Мне ничего не оставалось, как выйти на улицу. Светило солнце, по тротуарам фланировали безмятежные отдыхающие, озабоченные только тем, как получше провести отпуск. У меня же было полное ощущение, что каким-то образом я оказался обведенным вокруг пальца. С дипломатами вообще трудно иметь дело, да еще и прикрытие у меня — не очень. У высокородного гостя планеты гораздо меньше простора для инициативы, чем, например, у любопытного проныры-журналиста или въедливого инспектора, которым просто положено задавать вопросы и совать свой нос во все дыры.
* * *Забравшись в прохладный салон машины, я решил воспользоваться объяснениями советника и поехать на кладбище, сказать последнее «прости» почившему генералу. Минут за пятнадцать я выбрался из города, напоминающего рекламную картинку, настолько все здесь было чисто, красиво, ухоженно и буквально вылизано. До неправдоподобия. Никаких тебе граффити на стенах, мусора на тротуарах, вытоптанных газонов. Не было даже стариков. Ничего, что печалило бы праздный взгляд гостей. Солидные дома, красивые деревья, нарядные люди, яркая реклама, рестораны, забегаловки, тиры, игровые залы, массажные салоны, спортивные клубы, магазины модной одежды.

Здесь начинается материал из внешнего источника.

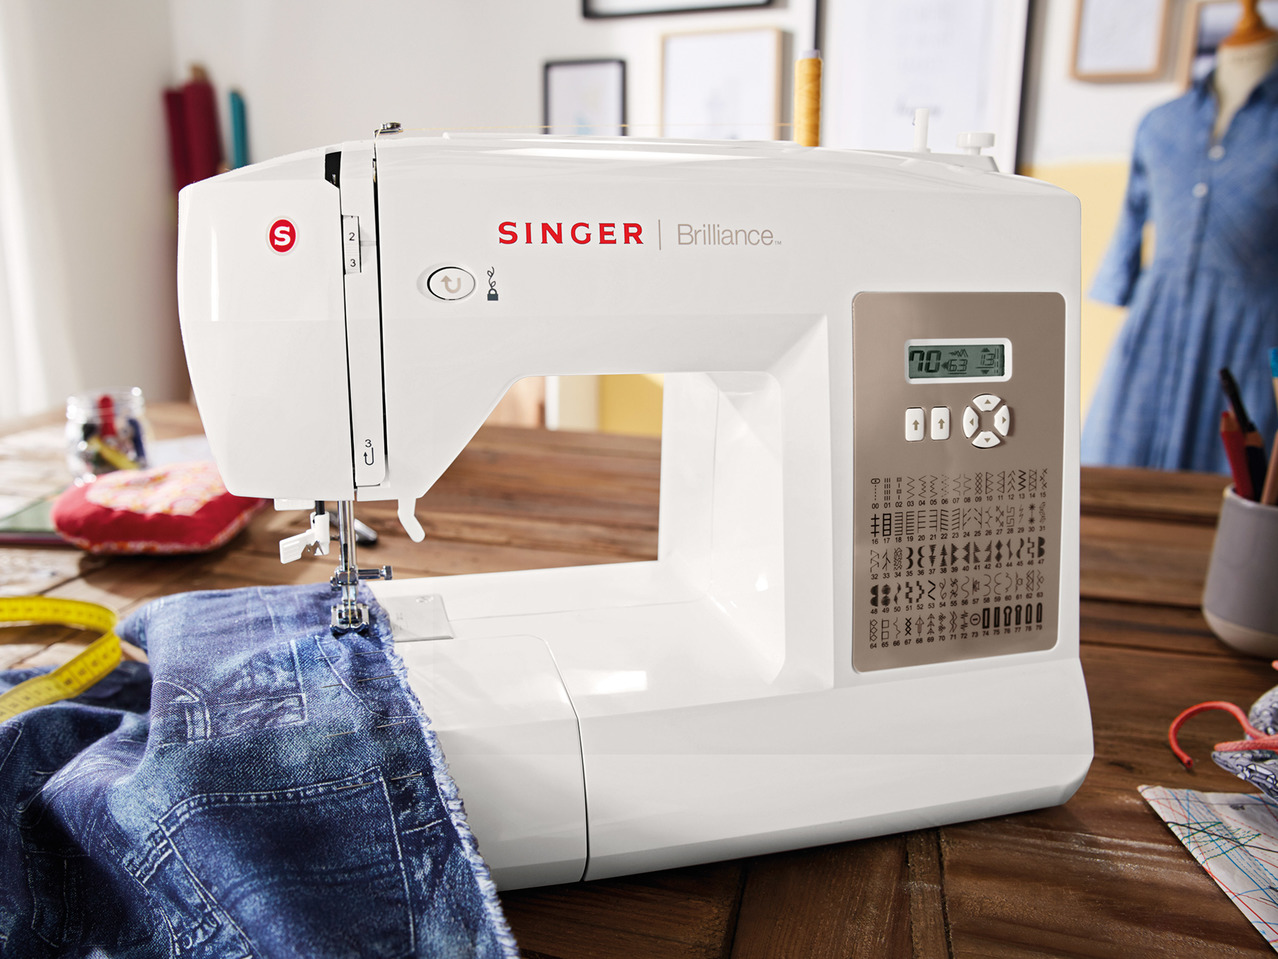 Singer Brilliance™ Sewing Machine1 Lidl — Great Britain Specials
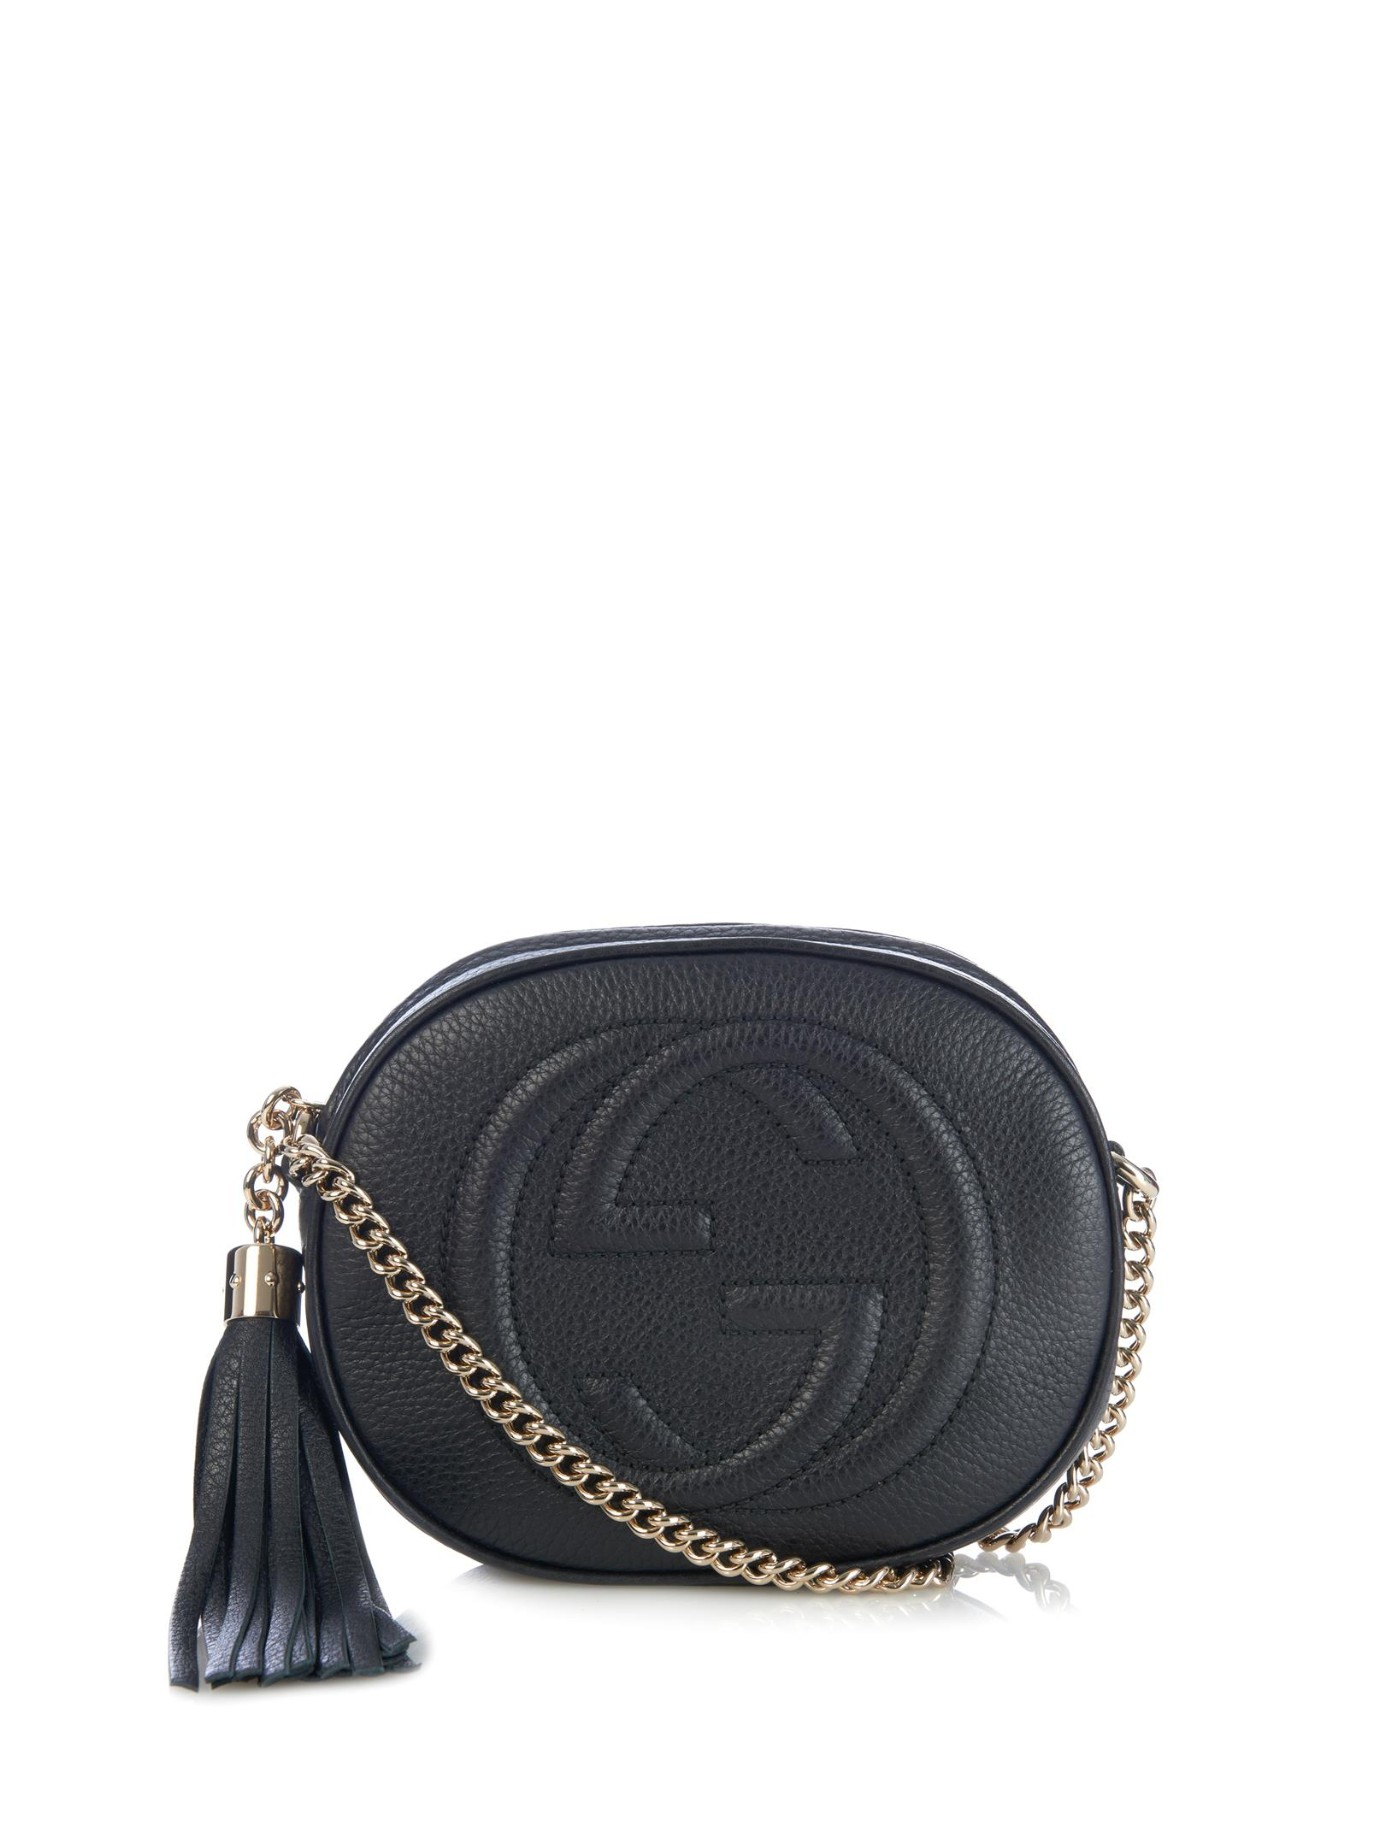 Lyst - Gucci Mini Soho Chain-Strap Cross-Body Bag in Black

Я вырулил на шоссе. Тут губернаторская машина показала все, что заложили в нее конструкторы. Топить педаль в пол я перестал тогда, когда понял, что стрелка спидометра держится у отметки триста километров в час. Никогда в жизни я еще не передвигался по поверхности земли столь стремительно, если не считать скоростных поездов. Острое наслаждение, замешанное на риске и ощущении могущества, пришлось прервать, когда справа за деревьями показались пестро разрисованные приземистые здания. Я остановился и опустил боковые стекла. Судя по раскраске, совпадающей с описанием советника, это была фабрика по переработке мусора. Некоторое время я опасливо принюхивался, пытаясь уловить в воздухе зловоние, вполне, на мой взгляд, естественное для такого места. Никакого намека. Только из елового леса тянуло запахом смолы, а дорога пахла раскаленным на солнце асфальтовым покрытием высшей категории качества.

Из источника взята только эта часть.